§ DATASET CONTENT
______________________________
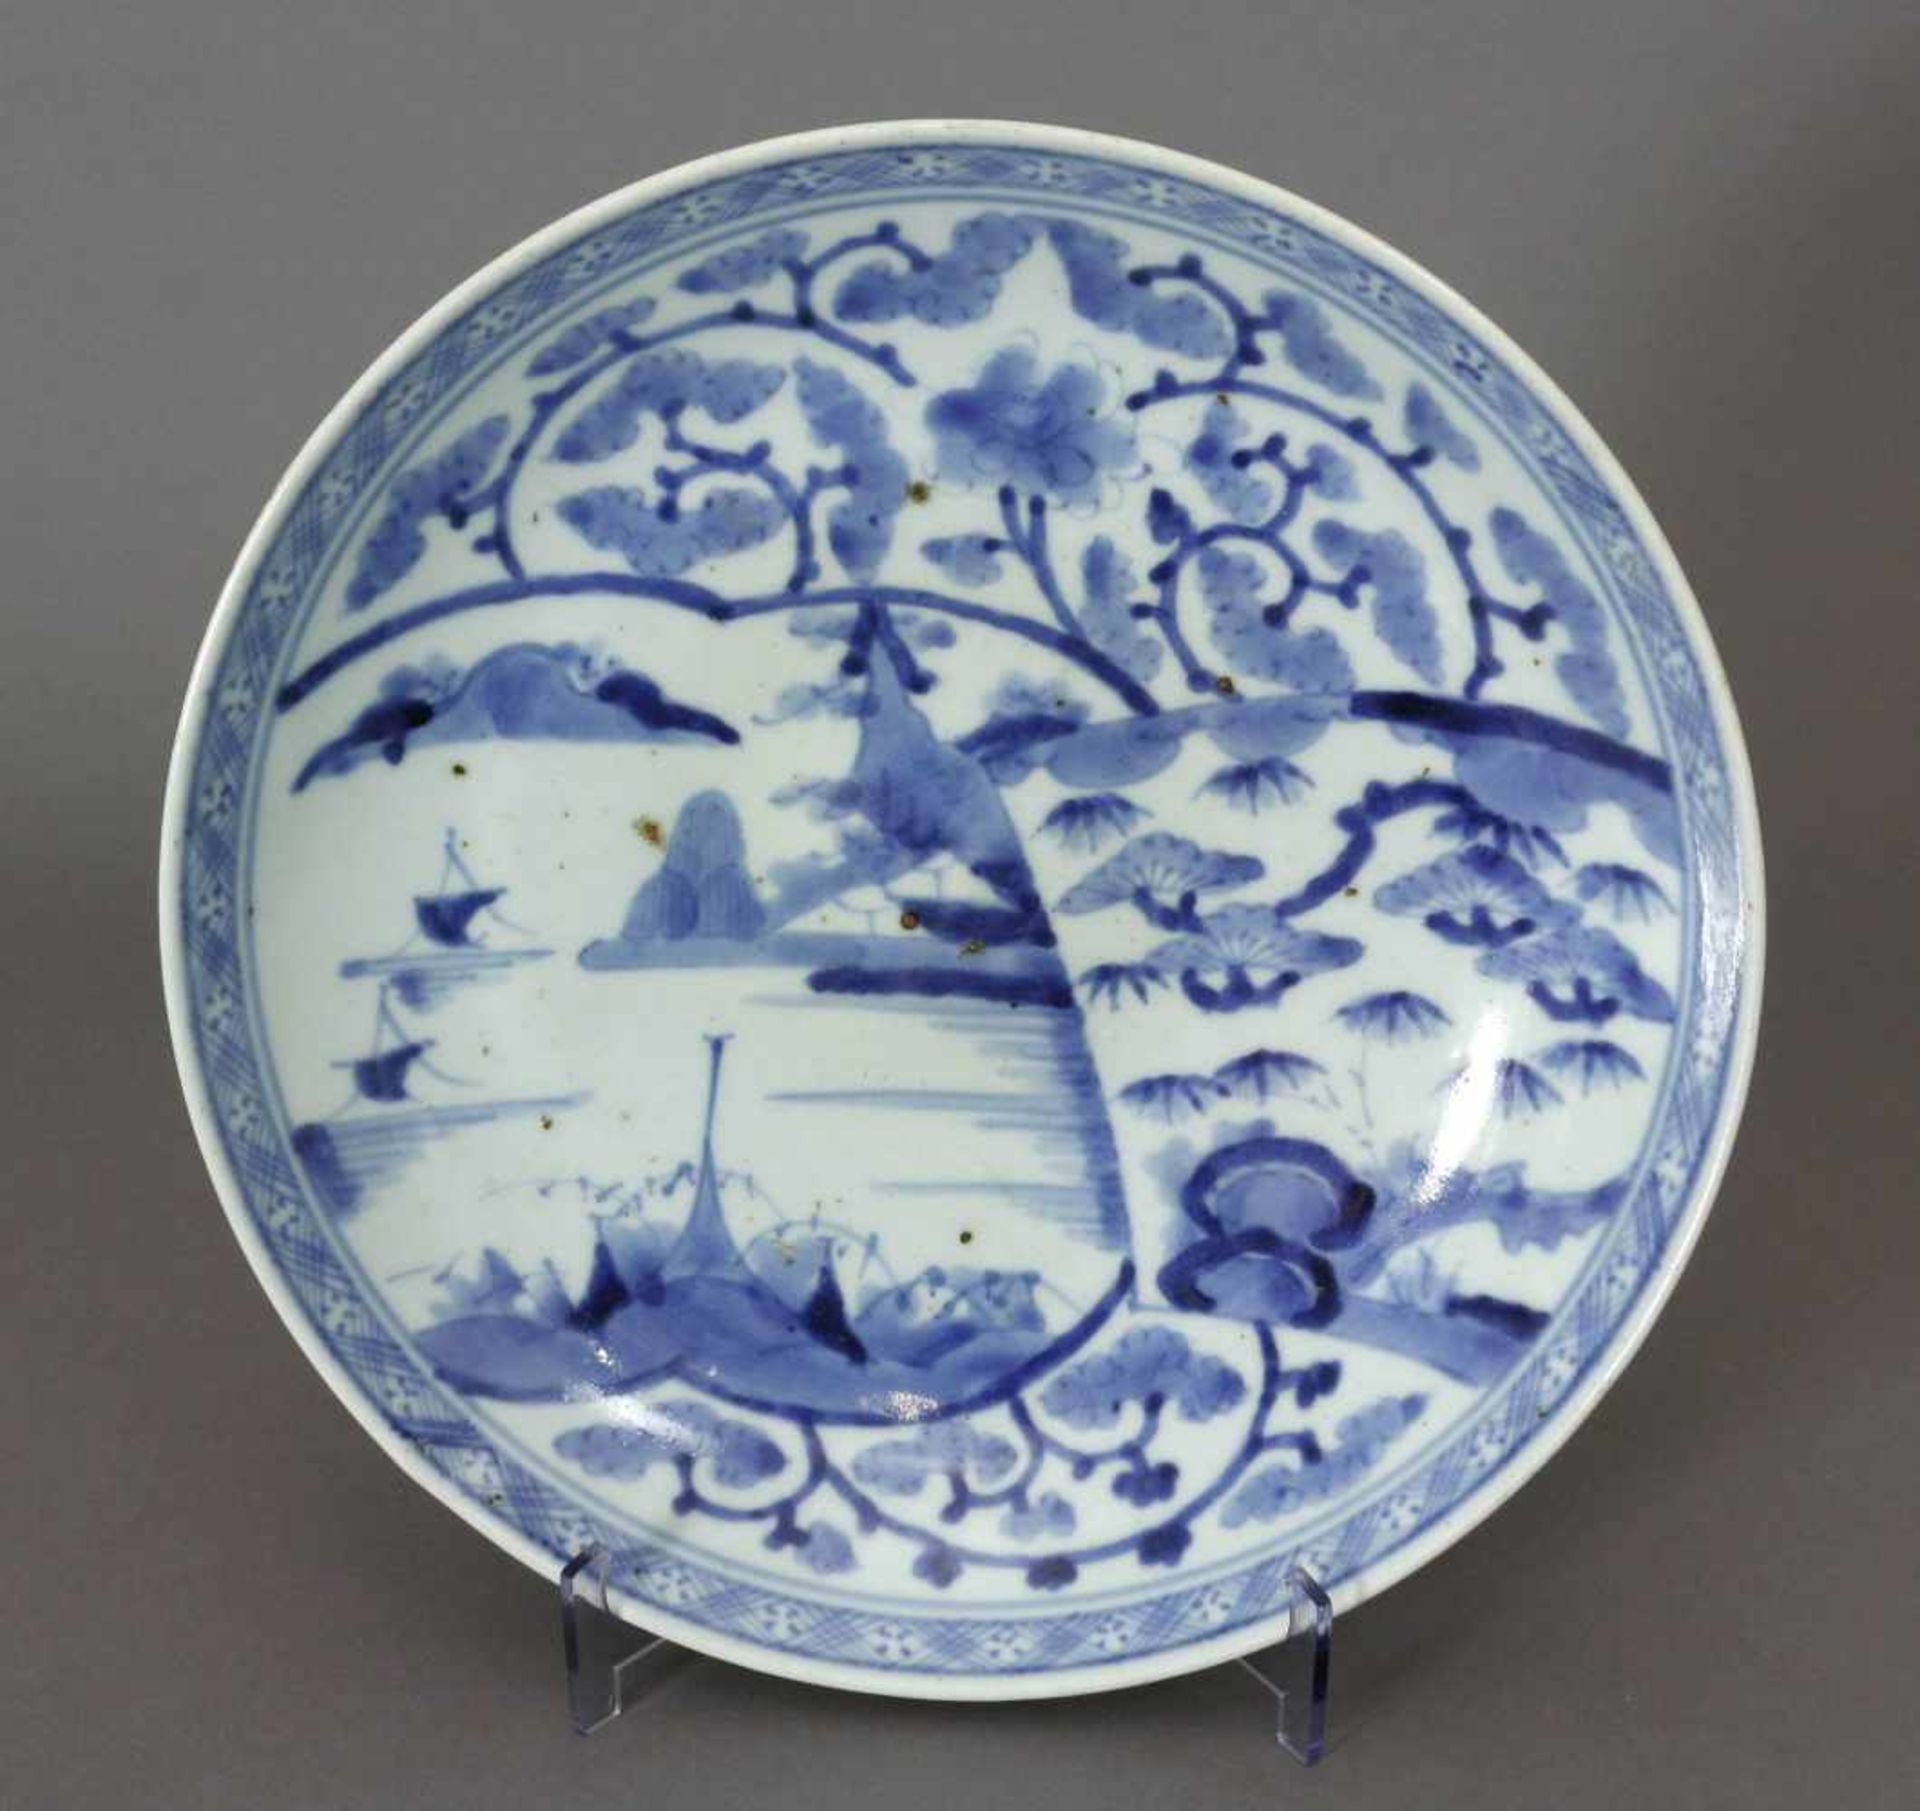 Japan, Schale, Porzellan, Arita, 19. Jh.Rund. Tief gemuldet. Blau/Weiß - Malerei, innen und außen.
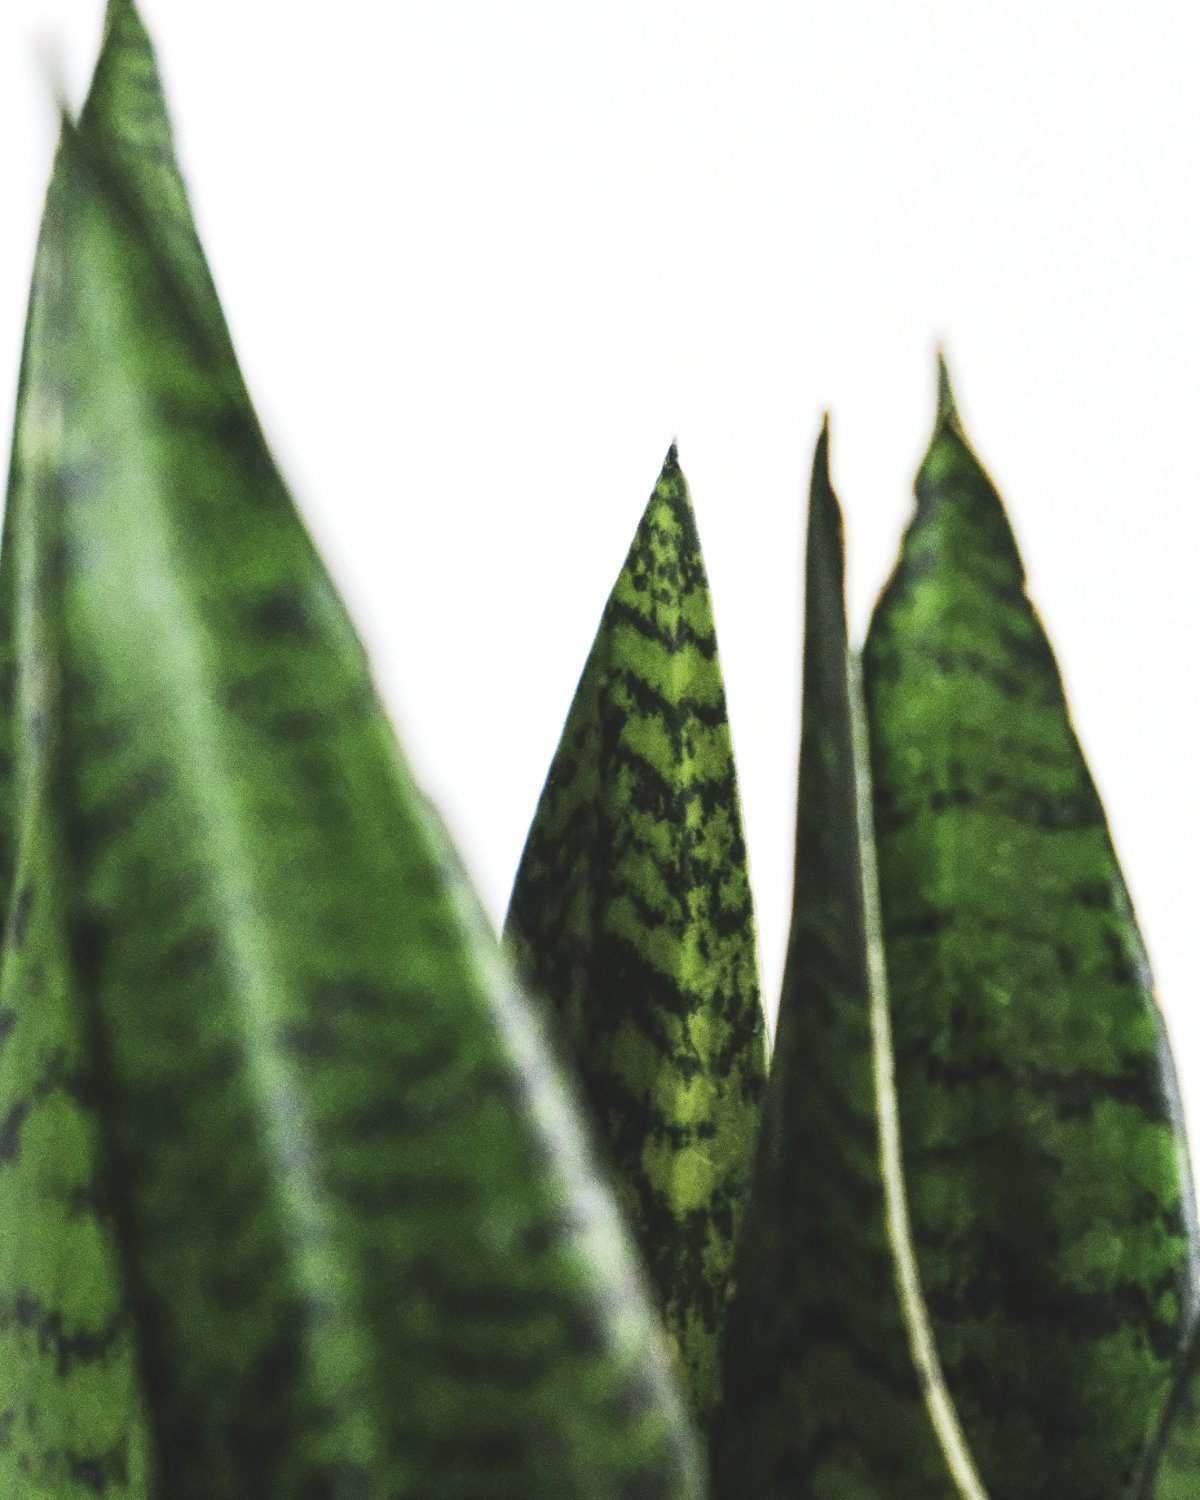 Spitzen der Blätter der grossen grünen Schwiegermutterzunge XL
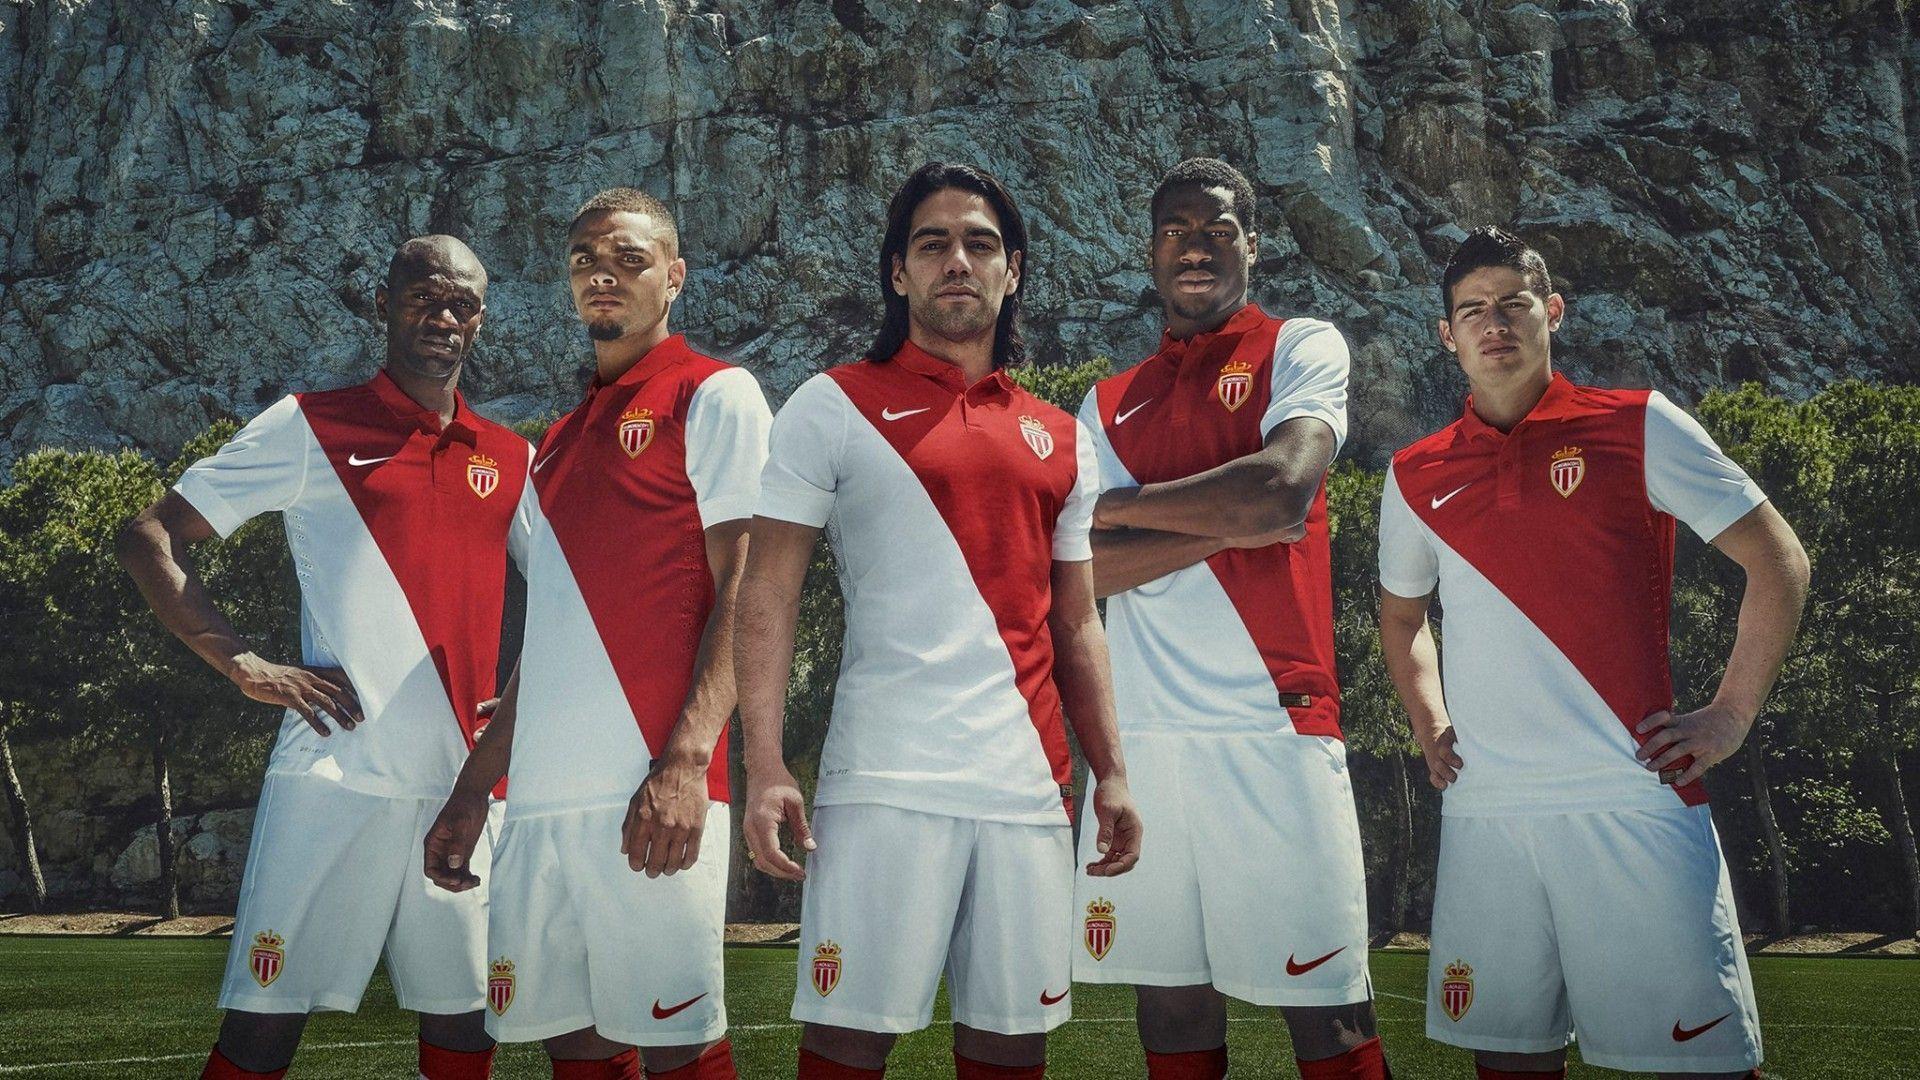 AS Monaco 2014 2015 Nike Home Kit Jersey Wallpaper Wide Or HD
______________________________
§ ACTIVITY
Please output the material above unchanged, apart from removing the pictures.

§ ANSWER TO THE PROBLEM
 Japan, Schale, Porzellan, Arita, 19. Jh.Rund. Tief gemuldet. Blau/Weiß - Malerei, innen und außen.
 Spitzen der Blätter der grossen grünen Schwiegermutterzunge XL
 AS Monaco 2014 2015 Nike Home Kit Jersey Wallpaper Wide Or HD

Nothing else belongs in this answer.